The Story of the Stirling Engine
All engines run on heat cycles. More properly called thermodynamic cycles, each of these cycles has a name. Cars run on the Otto cycle, trucks on the Diesel cycle. Power plants often run the Rankine, while gas turbines run the Brayton cycle.
One cycle in particular has long captivated inventors and dreamers — the Stirling cycle. The Stirling cycle was among the first of the thermodynamic cycles to be exploited by engineers. Compared to other engine types, it is ancient. When it was patented as a new type of engine by a Scottish cleric in 1816, scientists hadn’t even come up with the idea of thermodynamic cycles.
Robert Stirling, a young Scottish Presbyterian assistant minister, had the idea for a new type of heat engine that used hot air for its working fluid. Until then, the steam engines of Watt and Newcomen were the only heat engines in use.
Stirling Engines Go to Work … and Are Laid to Rest
Stirling’s idea was to alternately heat and cool air in a cylinder using articulated mechanical arms and a flywheel to coax the machine to run in a smooth, endless cycle.

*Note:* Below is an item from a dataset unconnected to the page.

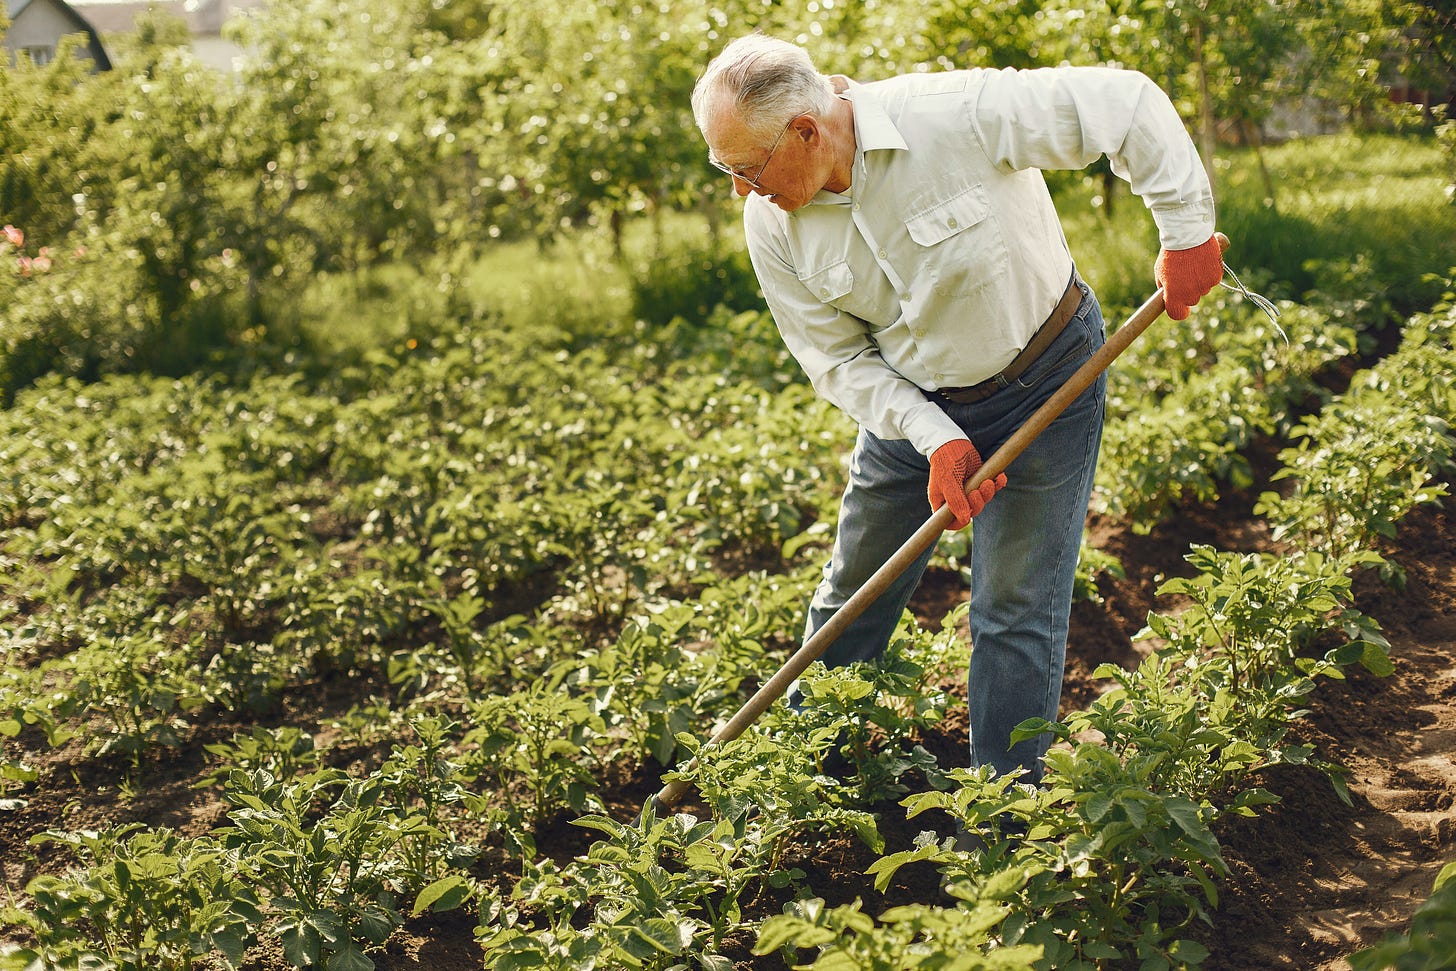 An older man working in a garden.
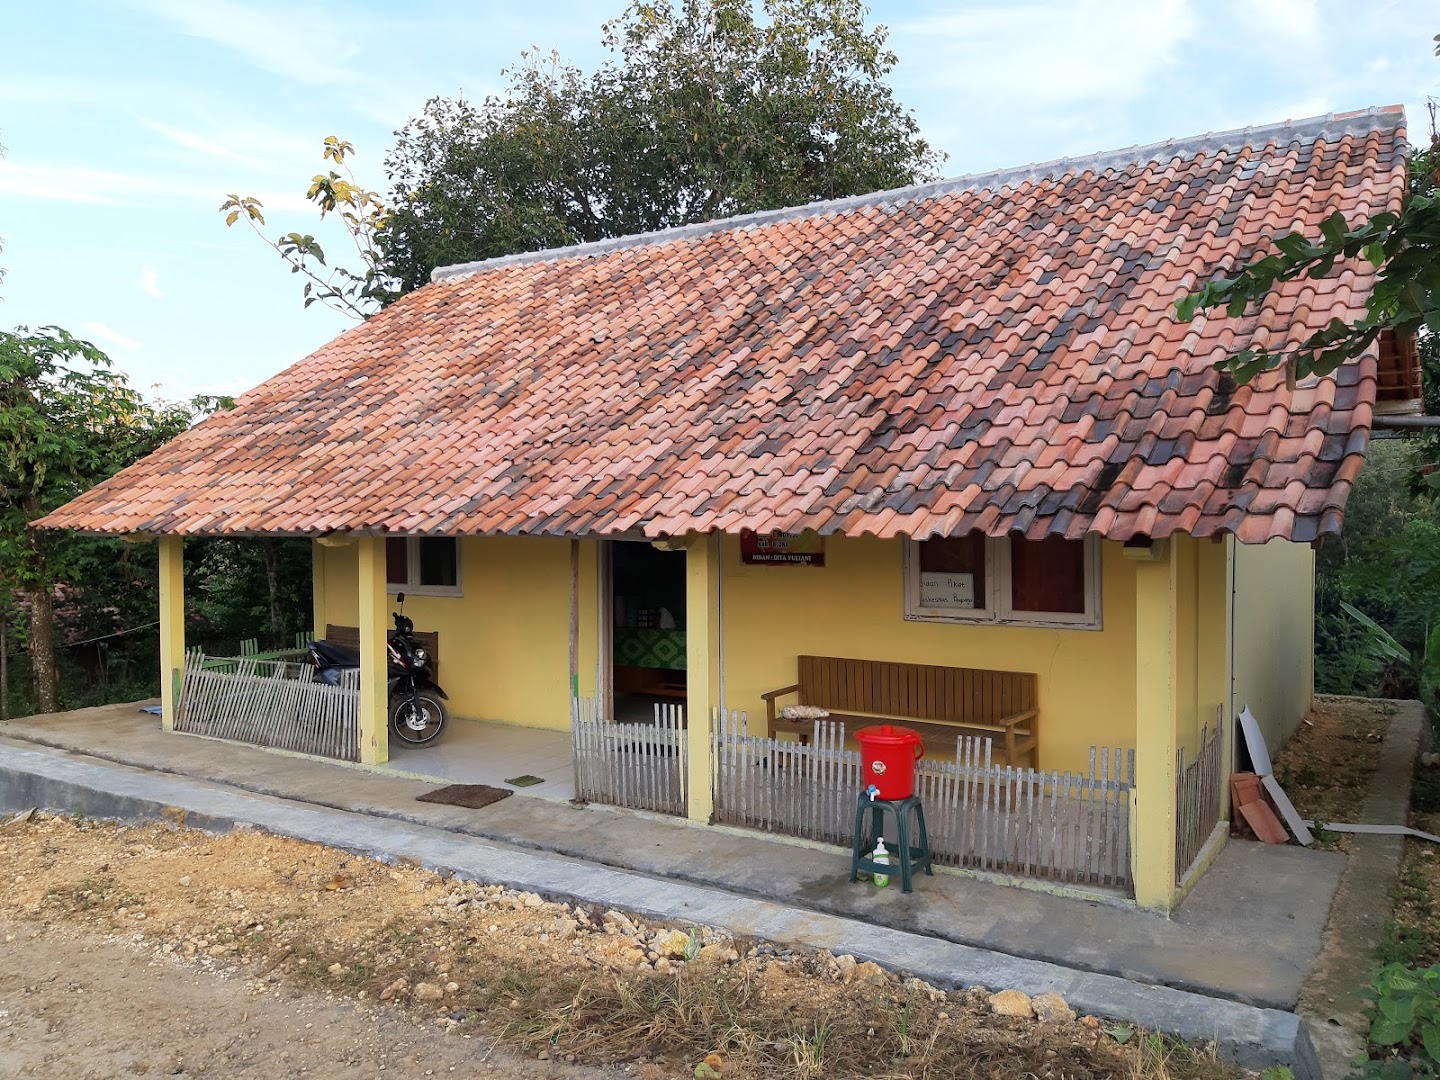 Poliklinik Kesehatan Desa Jurangjero Photo

Although complex and expensive for its time, Reverend Stirling made it work. As early as 1818, his engine was in use pumping water from a stone quarry. By 1820, a 45-horsepower Stirling engine was driving equipment in the Scottish foundry where his brother worked.
Auto manufacturers have experimented with the Stirling for years. Its numerous good qualities make the Stirling an attractive candidate to replace or augment internal combustion engines.
Automakers worked closely with the federal government from 1978 to 1987 on Stirling engine programs. The goals were ambitious: low emission levels, smooth operation, a 30% improvement in fuel economy, and successful integration and operation in a representative U.S. automobile.
General Motors placed one in a 1985 Chevrolet Celebrity, and met all of the program’s technical goals. But improvements in the efficiency of existing engine types, coupled with the status quo’s far less expensive cost structure, doomed the Stirling to automotive irrelevance.
The External Combustion Revival
The Stirling idea was dusted off in the mid-1990s. A prototype Stirling hybrid propulsion system was integrated into a 1995 Chevrolet Lumina. But that test was not particularly successful, as the hybrid vehicle failed to meet several key goals for fuel efficiency and reliability. The program was abandoned. Still, Stirling engine advocates continue to research and apply the technology. The big breakthrough may yet arrive, possibly in a hybrid electric-Stirling engine.
While not terribly complex, the engineering analysis of the engine’s thermodynamic cycle goes beyond the scope of this article. Suffice it to say that Stirling engines operate on a four-part cycle in which the air inside the engine is cyclically compressed, heated, expanded, and cooled, and as this occurs, the engine produces useful work.
While most heat engines are fairly understandable to interested amateurs, building one yourself is an altogether different prospect. Most engines require carefully machined metal parts, with close tolerances and tightly sealing clearances for pistons and/or rotating parts. Robert Stirling’s heat engine is an exception. Or at the very least, making a working model can be done without any difficult machining.
About MAKE’s Stirling Engine
This article provides step-by-step instructions for building a straightforward Stirling external combustion engine.
This engine is simple and cheap, and once you get it going, you really get a feel for how this sort of engine works. It chugs along at a leisurely 20 to 30 rpm, its power output is minuscule, and it makes a delightful squishing/chuffing noise as it operates.
But be forewarned: All engines, even the metal-can Stirling described here, are complex mechanical devices in which myriad mechanical movements must come together in precise fashion in order to attain cyclical operation.